Игорь поднял глаза на Николая. Они смотрели друг на друга с ненавистью. Злость поползла, зажигаясь и в других детских лицах. Все дети стали похожи, объединенные общим чувством неприятия, непонимания большого мира.

Екатерина заметила, что судья подала знак Николаю, и это был не официальный, а личный жест. Она удивилась. Николай отвернулся от Игоря. Напряжение спало. Екатерина внимательно посмотрела на Николая, перевела взгляд на Игоря. Тело Игоря сложилось в послушную позу.

Медленный воздух провинциального города научил Игоря размышлять и облекать мысли в ритмичные формы. Для поэзии нужен покой, и никто кроме Николая не мешал ему. Другие дети относились к его призванию с уважением и частенько выполняли за него грязную работу. Валентина покупала Игорю старинные книги со стихами. Сергей оформлял поэмы сына в самиздатовские брошюры и носил в редакции, не переставая удивляться черствости их работниц. В общем, все складывалось для Игоря хорошо, если бы не появление Николая, который смеялся над ним, над его стихами и делал это так убедительно, что и другие дети заражались его гневной веселостью. В прошлую пятницу случился детский бунт. Игорю пришлось самому чистить отхожее место. Но и этого унижения было мало. Николай перемазал фекалиями ручку дезинфицирующей щетки и спрятал антибактериальные перчатки. И зачем только Николай пришел из Питера? Николай был обаятелен, нравился девочкам, даже Валентина начинала смеяться, когда тот дурачился. Изо рта Николая часто пахло перегаром, его кожа была чуть воспаленная, будто вспаханная бессонной ночью, глаза с красными прожилками, но при этом в нем была сила, хамская сила. Никогда осторожный и аккуратный Игорь не зажигал самолично, без опоры на выверенные слова, такой радости в людях. Почему у Игоря нет такой жажды жизни? Почему Николай никогда не плачет, не сидит, мечтательно уставившись в окно, а постоянно что-то прикручивает, отрывает, кому-то улыбается и тут же грубит. Последней каплей было предательство Эльзы. Три дня назад Игорь увидел счастье и в ее умных глазах. Этот блудливый, ограниченный выродок всегда впереди, хоть на шаг, на один-единственный шаг, но впереди!

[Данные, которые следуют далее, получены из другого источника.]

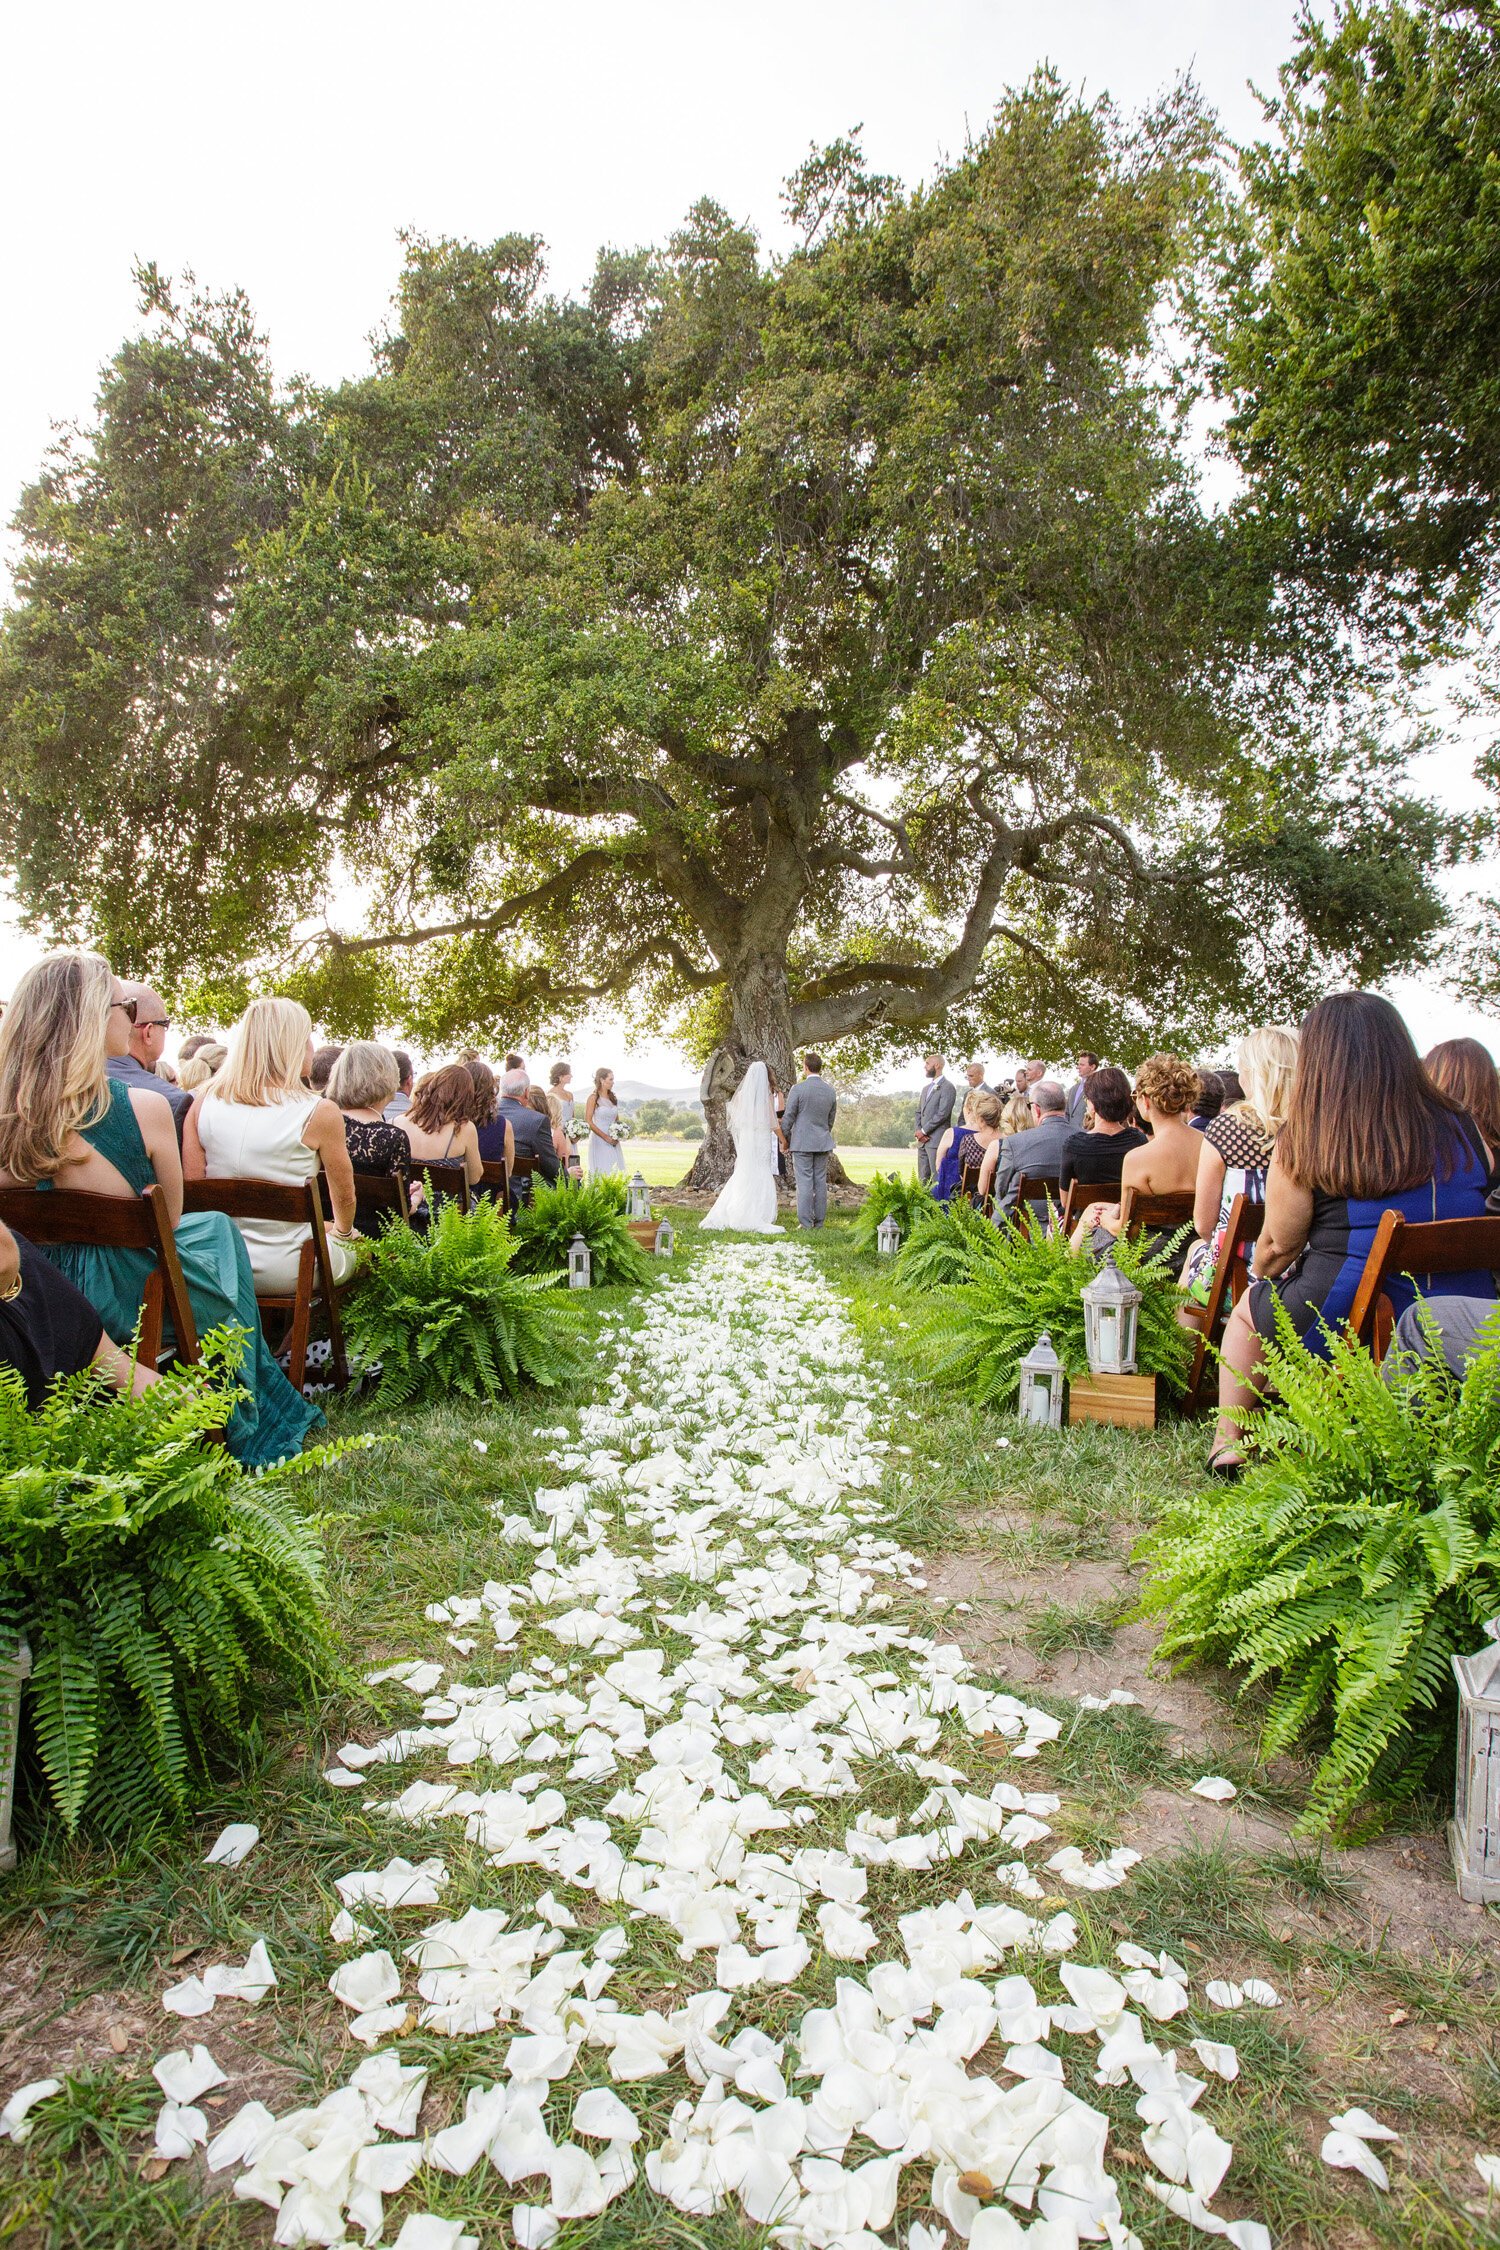 www.santabarbarawedding.com | Mary Jane Photography | Cody Floral Design | Ceremony Aisle Covered in White Flower Petals

Судья громко откашлялась. Зал окунулся в тишину. В воздухе повисла многозначительность.

– Судом присяжных и моей волей решение суда вынесено! Валентина и Сергей Бирюзовые лишаются опекунских прав над семнадцатью несовершеннолетними детьми и отправляются на пять лет в тюрьму строгого режима, – произнесла судья стеклянным голосом.

Екатерина еле сдержала крик. Игорь уставился на раскачивающуюся в ее ухе золотую серьгу. Обвинительница вскочила. Такого мягкого приговора она никак не ожидала. Судья стукнула деревянным молоточком, пресекая какие-либо возражения. Екатерина боялась посмотреть на детей. Сердце билось тараном об грудную клетку. «А что будет с ними? Где теперь они будут жить? Ведь их не оставят одних в доме бывших родительниц?» – пронеслось в голове Екатерины.

Плач толкнул ее в спину. Плакала девочка Женя, пробывшая в интернате совсем недолго, но уже успевшая привязаться к ребятам, к Эльзе. Женя укоризненно посмотрела на Екатерину, женщина опустила глаза. До этого Екатерина точно знала, что поступает правильно, но теперь она ничего не понимала, сомнения и дурные предчувствия раздирали ее…

Екатерина бросилась к судье. Та поднялась.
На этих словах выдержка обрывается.